Main training loop for single node training. Use fake data to train

In [None]:
from habana_frameworks.torch.utils.library_loader import load_habana_module
load_habana_module()

try:
    # Default 'fork' doesn't work with synapse. Use 'forkserver' or 'spawn'
    torch.multiprocessing.set_start_method('spawn')
except RuntimeError:
    pass

if args.run_lazy_mode:
    os.environ["PT_HPU_LAZY_MODE"] = "1"
if args.is_hmp:
    from habana_frameworks.torch.hpex import hmp
    hmp.convert(opt_level=args.hmp_opt_level, bf16_file_path=args.hmp_bf16,
                fp32_file_path=args.hmp_fp32, isVerbose=args.hmp_verbose)
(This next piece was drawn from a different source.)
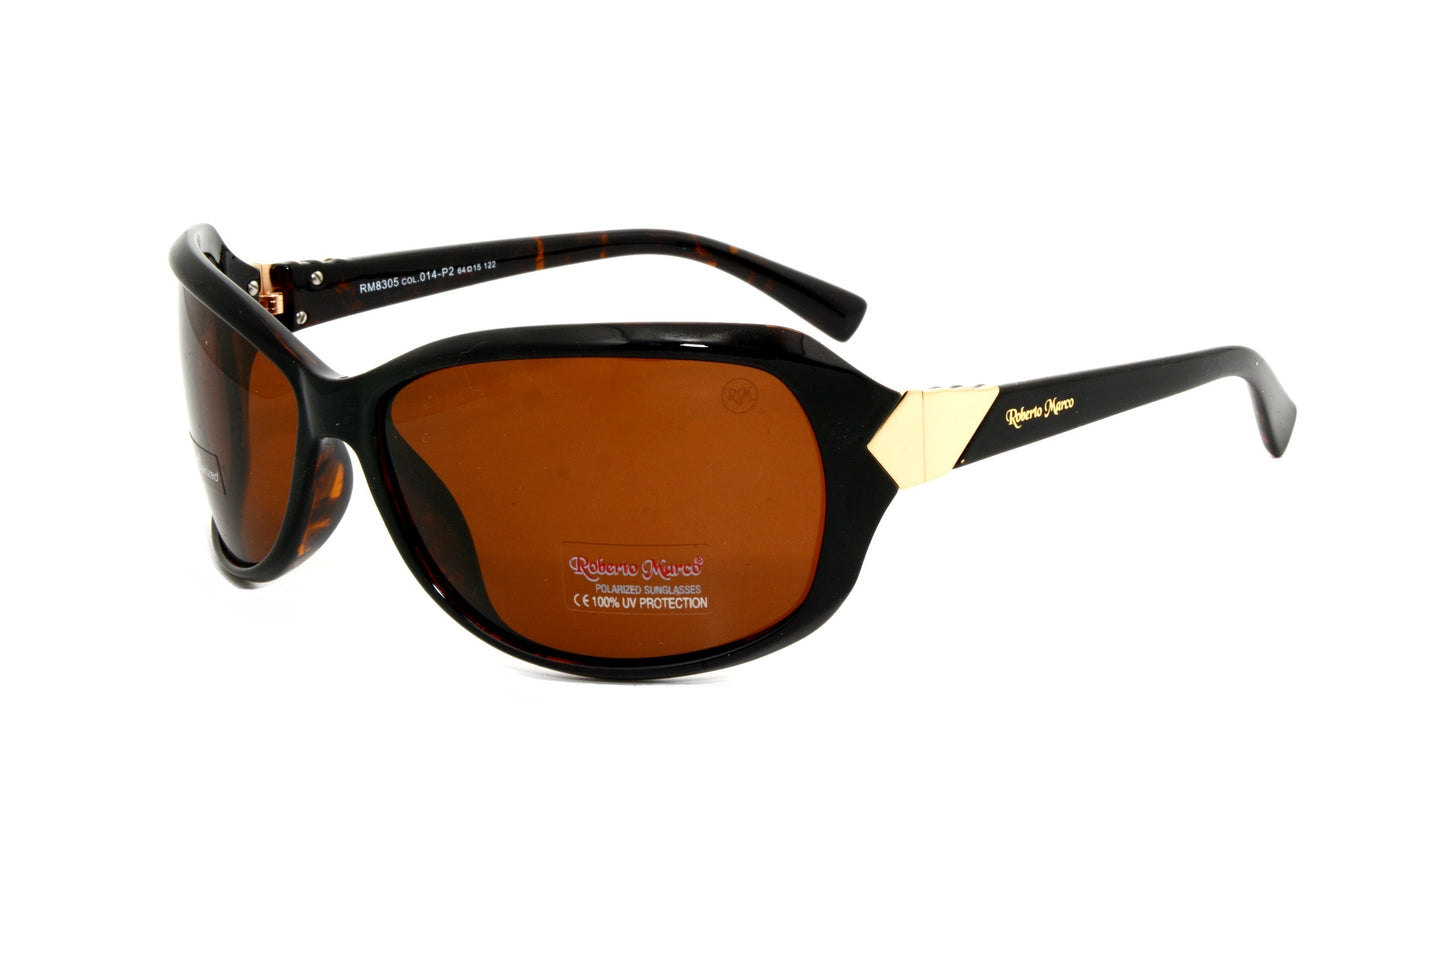 Roberto Marco sunglasses RM8305 014-P2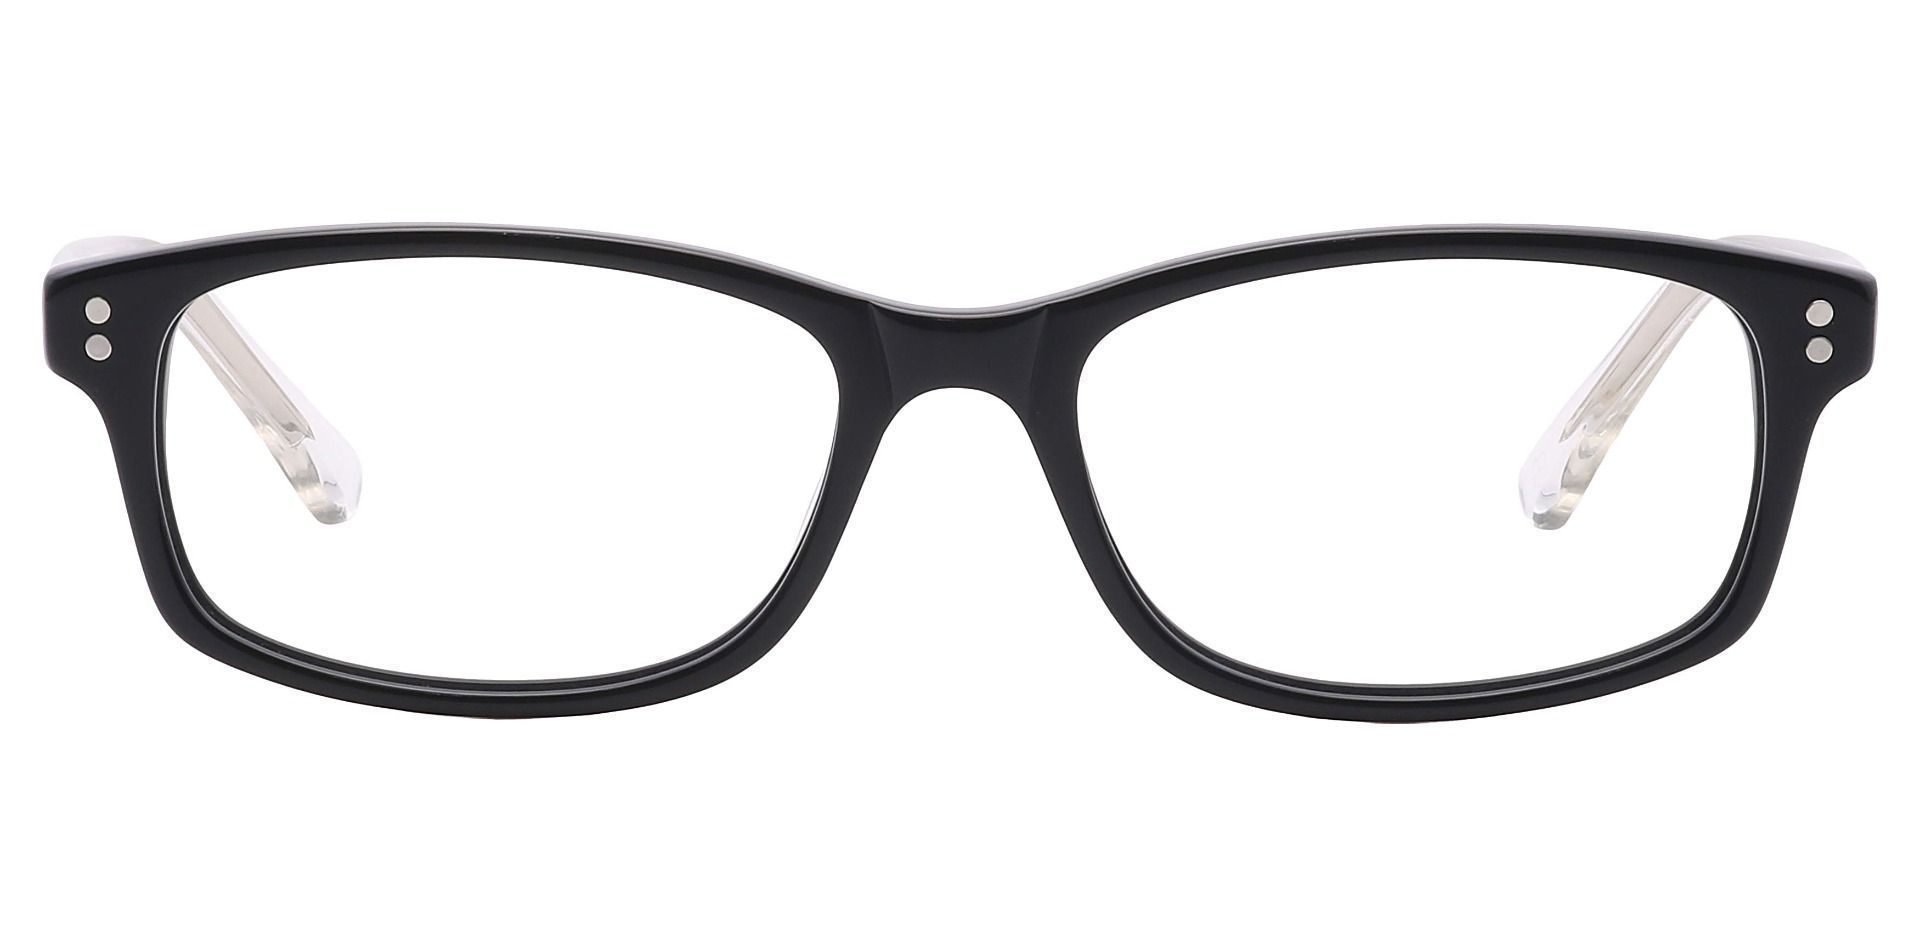 Olmstead Rectangle Lined Bifocal Glasses - Black

torch.manual_seed(args.seed)

if args.deterministic:
    seed = args.seed
    random.seed(seed)

else:
    seed = None

device = torch.device('hpu')

torch.backends.cudnn.benchmark = True

normalize = transforms.Normalize(mean=[0.485, 0.456, 0.406], std=[0.229, 0.224, 0.225])

dataset = datasets.FakeData(transform=transforms.Compose([transforms.RandomResizedCrop(224),
                transforms.RandomHorizontalFlip(),
                transforms.ToTensor(),
                normalize,]))
dataset_test = datasets.FakeData(transform=transforms.Compose([transforms.Resize(256),
                transforms.CenterCrop(224),
                transforms.ToTensor(),
                normalize,]))


train_sampler = torch.utils.data.RandomSampler(dataset)
test_sampler = torch.utils.data.SequentialSampler(dataset_test)	

if args.workers > 0:
    # patch torch cuda functions that are being unconditionally invoked
    # in the multiprocessing data loader
    torch.cuda.current_device = lambda: None
    torch.cuda.set_device = lambda x: None

data_loader_type = torch.utils.data.DataLoader

data_loader = data_loader_type(
    dataset, batch_size=args.batch_size, sampler=train_sampler,
    num_workers=args.workers, pin_memory=True)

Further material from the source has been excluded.